Shame on the Liberals. There is going to be a $1.6 billion buyout. This buyout is equivalent to what the subsidy has been paying over each three-year period, or would have been paying over the next three years. After that, nothing. But the dairy farmers will still be in there for 70 per cent of their subsidy. If this is inequitable to Quebec then please help me here. What would they regard as equity?
There is another little cute trick in the budget, which I have not heard the Bloc mention. That is the Feed Freight Assistance Act for feed grains to the eastern part of Quebec as well as the Maritimes. We are talking about Quebec here. That is going to be phased out over a 10-year period.
It now appears, from the rumours I have been hearing, that this is not even going to begin for another year. There is going to be a one-year moratorium on phasing out the FFAA. All this means is that we will continue in the west shipping our feed grains to Quebec to be turned into beef and milk products, whereas if we did not have this subsidy to work against us, we could do it at home more economically and export the finished product. However, that is not the way Canada works. We are still locked into the old colonial system where the two central Canadian provinces get the milk, the grass is eaten in western Canada, and we all know what happens in the Maritimes.
This motion speaks about diversification and the fact that because we are going to get this buyout on the Crow rate it is going to be a great encouragement for us to diversify. In my riding farmers have been diversifying for the last few years, not because of the availability or lack of availability of subsidies, but in response to market forces. They are growing crops they never grew before.

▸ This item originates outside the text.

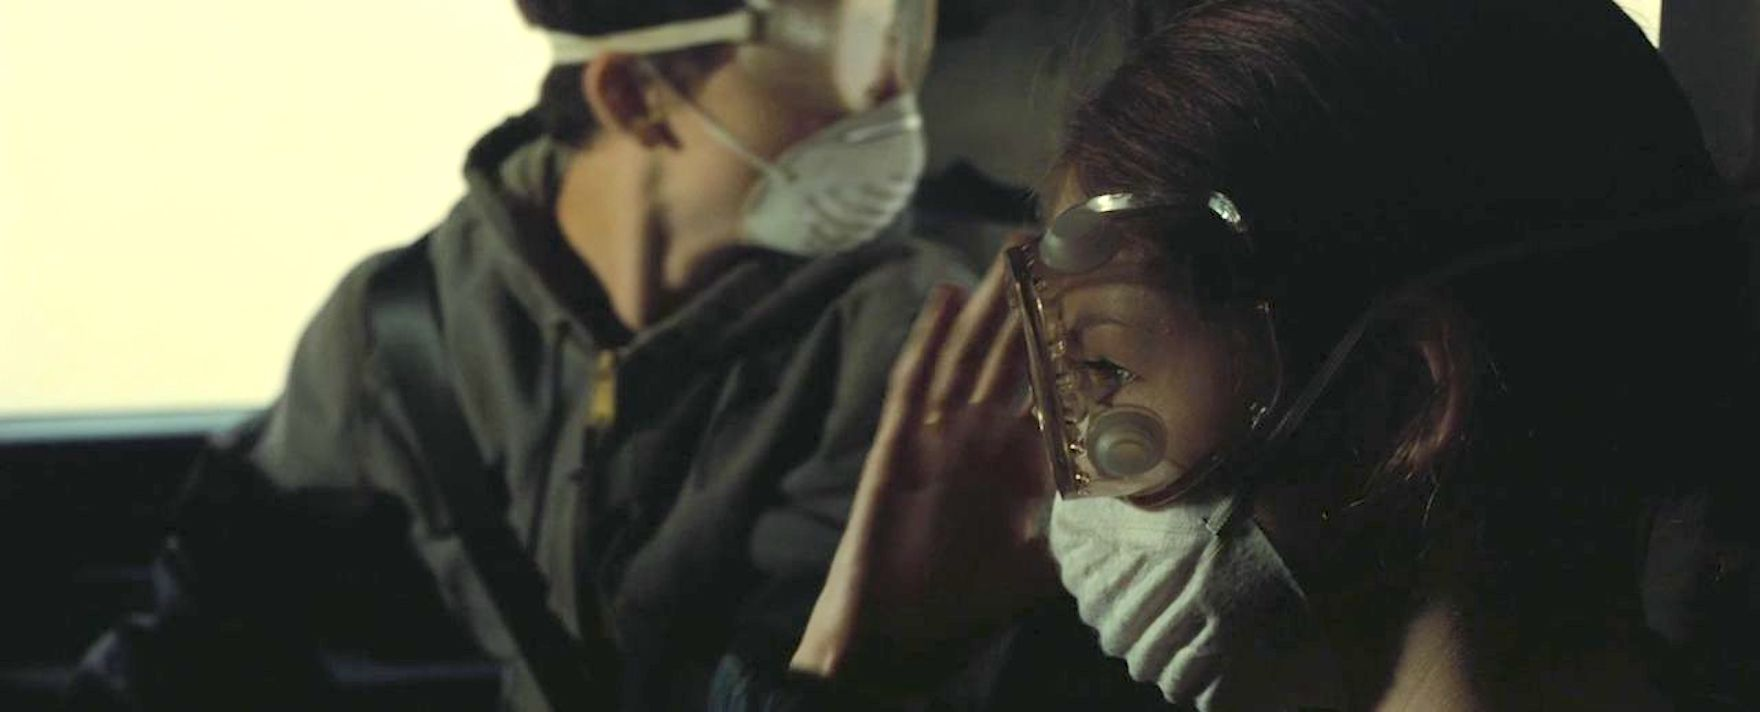 Timothée Chalamet and Mackenzie Foy in Interstellar (2014)
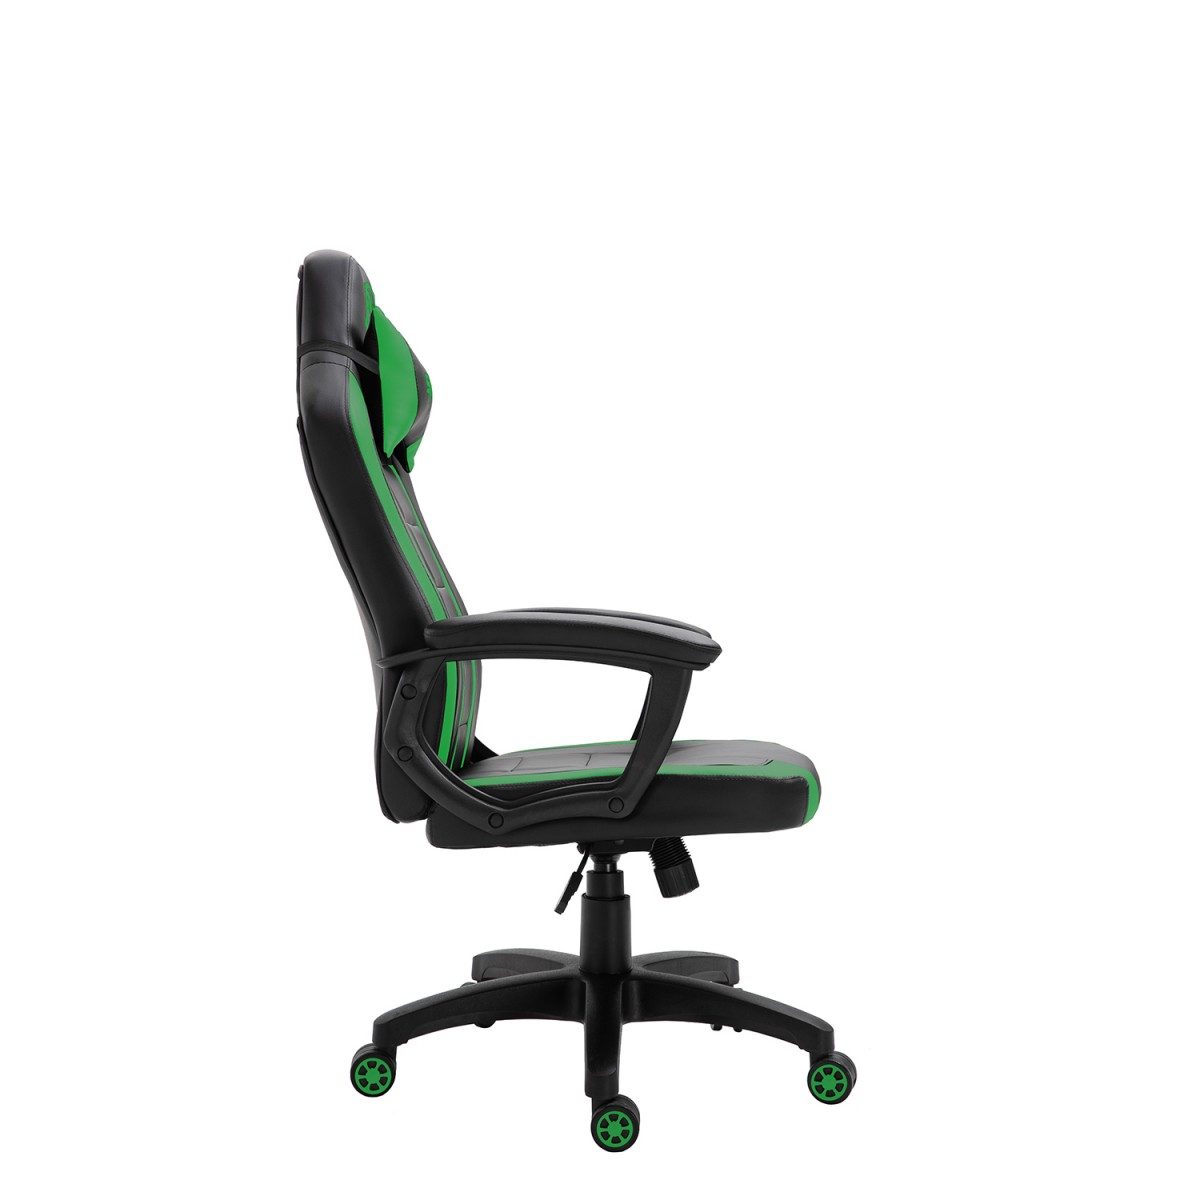 Cadeira Gamer Snake Viper II, Black/Green, SNG-CH-VI002

When I drove around my riding last summer I saw canola, lentils and even sunflowers-big acreages of them. These are not native to my part of Saskatchewan, but we are swinging over
to them in order to profit from the market that is out there and to get away from our low-priced product, which is wheat.
In conclusion, I want to digress a bit from agriculture and talk again about the question of who gets what out of Confederation. I am sure that hon. members of the Bloc are aware of a recent study that indicated that over the last ten years Quebec has had a net benefit of payments in, over-taxation out of $168 billion. During that same period the province of Ontario has come up short by $45 billion. Do not let us ever forget that my neighbouring province of Alberta, during the days of the national energy policy, had to forgo $90 billion in revenue in order to support the economies of the two central Canadian provinces. I find it more than passing strange that those of us who want to hold our country together, who care about this country, are the ones who have been paying the bills, and the people who want to tear it asunder are the ones who have been benefiting the most economically from Confederation. They are saying, in effect: "We want to be free; we want to go it alone, but please, keep giving us money".